時計
「凌平、団長と見世物見て回ってたんだって?」
クラヤミ6号――柊の部屋に帰って早々、彼はどこか非難めいた調子で尋ねてきた。
自分で連れてきたくせに、まさか柊はおれが見世物を見ることに反対しているのだろうか。
しかし考えることはしない。今日はもう疲れた。薄気味悪い異形たちを見まいと団長の背にしがみつきながら不恰好に歩いて箱がある空間を抜けてきたのだ。帰ってからふと見えた鏡の中の自分は憔悴していた。
「火の車だけだよ。ほかは何も。異形……はあんまり見てない」
異形と口にした瞬間あの潰れた目の化け物に視覚を一瞬だけ乗っとられる。身震いし、小さく頭を振ってそいつを頭から追い出す。
答えた時に柊の表情が一瞬だけ険のあるものに変わった気がしたが、今の柊はまだいつもの狐のお面をつけているし、化け物のことで頭がいっぱいだったから実際のところはわからない。
「凌平、なんかげっそりしてるね」
「……おれはお前が信じられねえんだけど。よくあんな化け物見て平気でいられるよ……」
「化け物? 火の車? 俺は格好良いなあと思ってた」
「火の車じゃなくて、なんてえの? 異形。人っぽくない異形だよ。なんか、グロい映画に出てくるようなやつとか、学校の怪談にいそうなエグイやつ」
「ああ。そのうち慣れるよ」
柊がしれっと言う。絶対慣れない。なんで柊はしれっと言えるのか。そのうちとはどのくらいなのか。こんなことを考えながら、箪笥からいつものTシャツと短パンを取り出す柊を眺めた。そういえば、柊はいつからこの見世物小屋にいるのだろう。
疑問がわいた。
――柊はなんなのだろうか。
雅ちゃんは死んでいた。だけどおれにはそれが信じられなかった。死んでいると聞いてすんなりと受け入れられたけど、それは彼女は生きている人間となんら変わりがなかったからかもしれない。団長は潰れた目だらけのモノを見て青くなるおれに、人と異形との違いについて話した。どう見ても人なのに異形であるモノも多くいるという。

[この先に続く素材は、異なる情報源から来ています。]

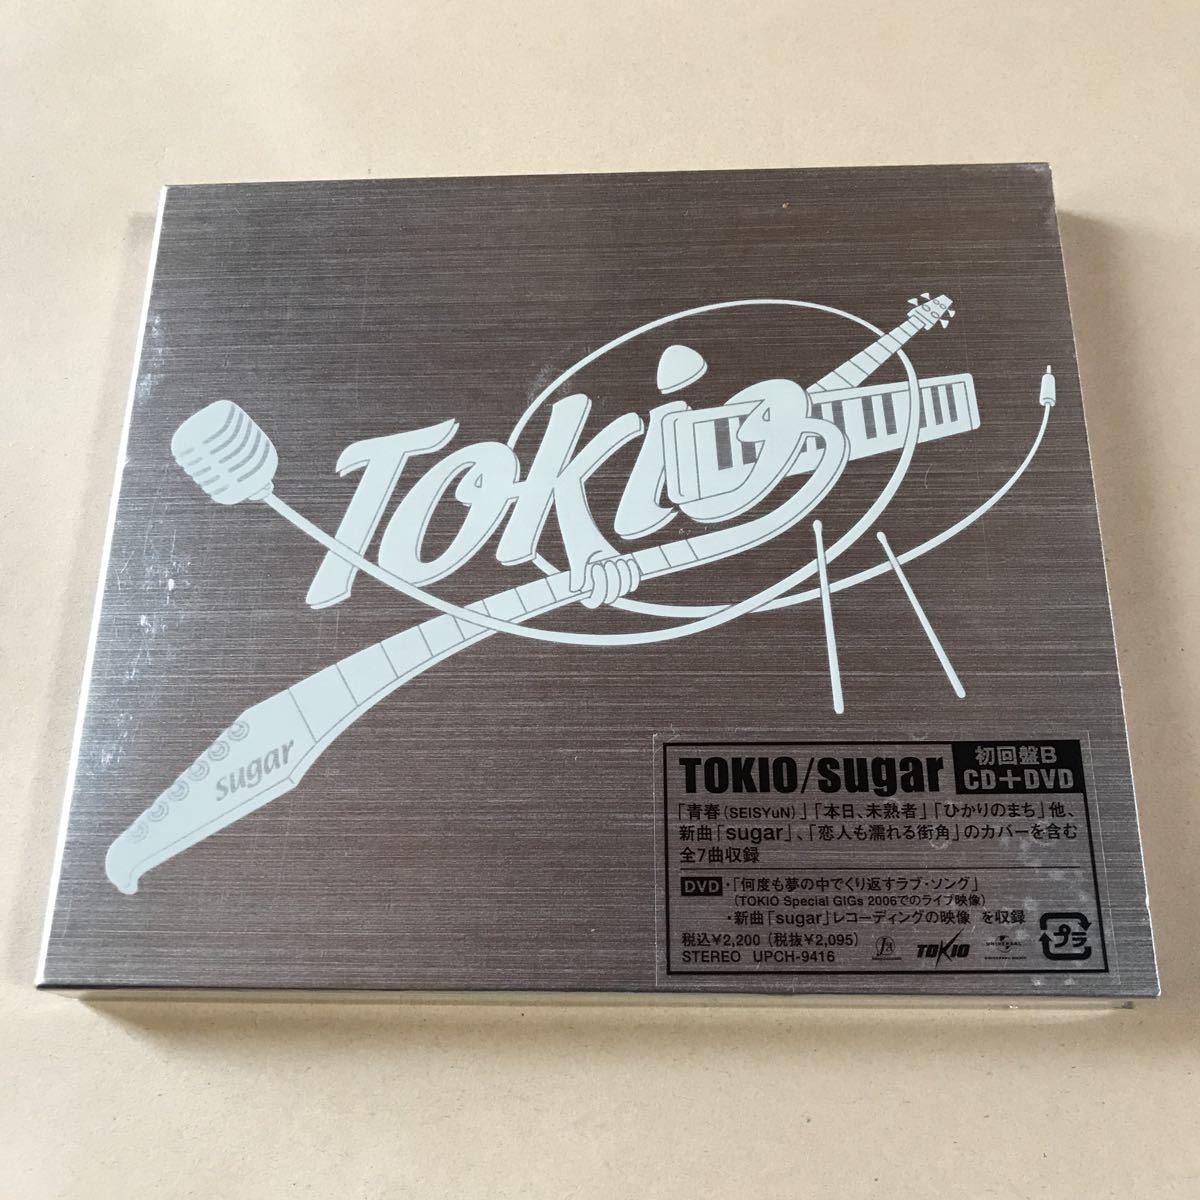 TOKIO CD+DVD 2 листов комплект [sugar] первое издание B

おれは今まで柊のことを自分と同じ人間だと思ってきた。
でも、そうとは限らない。
人か、異形か。なんなのだろう。
団長は人でも異形でも見られる側と見る側がいると言った。彼の話しぶりは、人と異形になんの違いもないような、対等なものとしてみなしているようだった。
しかし、おれにとって異形は異形だし、恐ろしいものと感じる。
万一柊が異形だったらショックを受けるだろう。おれは柊に人間であって欲しかった。
「凌平?」
思いつめたように考えこむおれに、柊は首をかしげた。
柊を見る。彼はどこからどう見ても人間だ。異形らしさはひとかけらもない。聞いてしまえばいいのに、なぜか聞くのは憚られた。
「変な凌平」
Tシャツと短パンを投げてよこしながら柊が笑う。おれは投げられたTシャツを空中で掴み、身につけていた学生服から着替えることにした。
今日は何も聞かずに疲れたと告げて寝てしまおう。疲れたのは本当のことだから、嘘でもなんでもない。
そう決めて制服のずぼんを脱いだ時、ポケットに入っていたらしい腕時計がごとりと音を立てて床に転がった。
拾い上げてなんとなく文字盤を見る。時計は止まっていた。おれと柊の布団の間に置かれた置き時計を見る。深夜二時。もちろん時計は時を刻むために動いている。
「二時……」
声に出た。
「見世物小屋が動き出す時間だよ」
おれのひとりごとを受け、柊が言う。
「動き出す?」
「凌平が見たのは明るい見世物小屋。深夜二時にはヘドが出るような、普通の感覚の人が見たら思わず眉をしかめちゃうような、そんなようなショーとかが満載のもうひとつの入口が開くんだ」
「なんだよ、それ」
「知らないほうがいいって。普通にやってったら絶対に大丈夫」
「普通にって……」
「元団長に目を付けられなければ大丈夫」
「誰だよそれ……」
わからないことばかり言う柊に嫌気が差し、おれは短パンも履かずに布団の上に転がった。やっぱり今日はもう寝てしまおう。団長には一週間はこの環境に慣れるために掃除をしなくても良いと言われた。
「そういや、柊は行かねえの?」
「おれ?」
「柊も見世物って言ってたじゃんか」
「ああ」
柊が部屋の隅に置かれた薬箱に目を移す。あれは確か柊の相棒が入っている箱。視界の端で柊が肩をすくめた。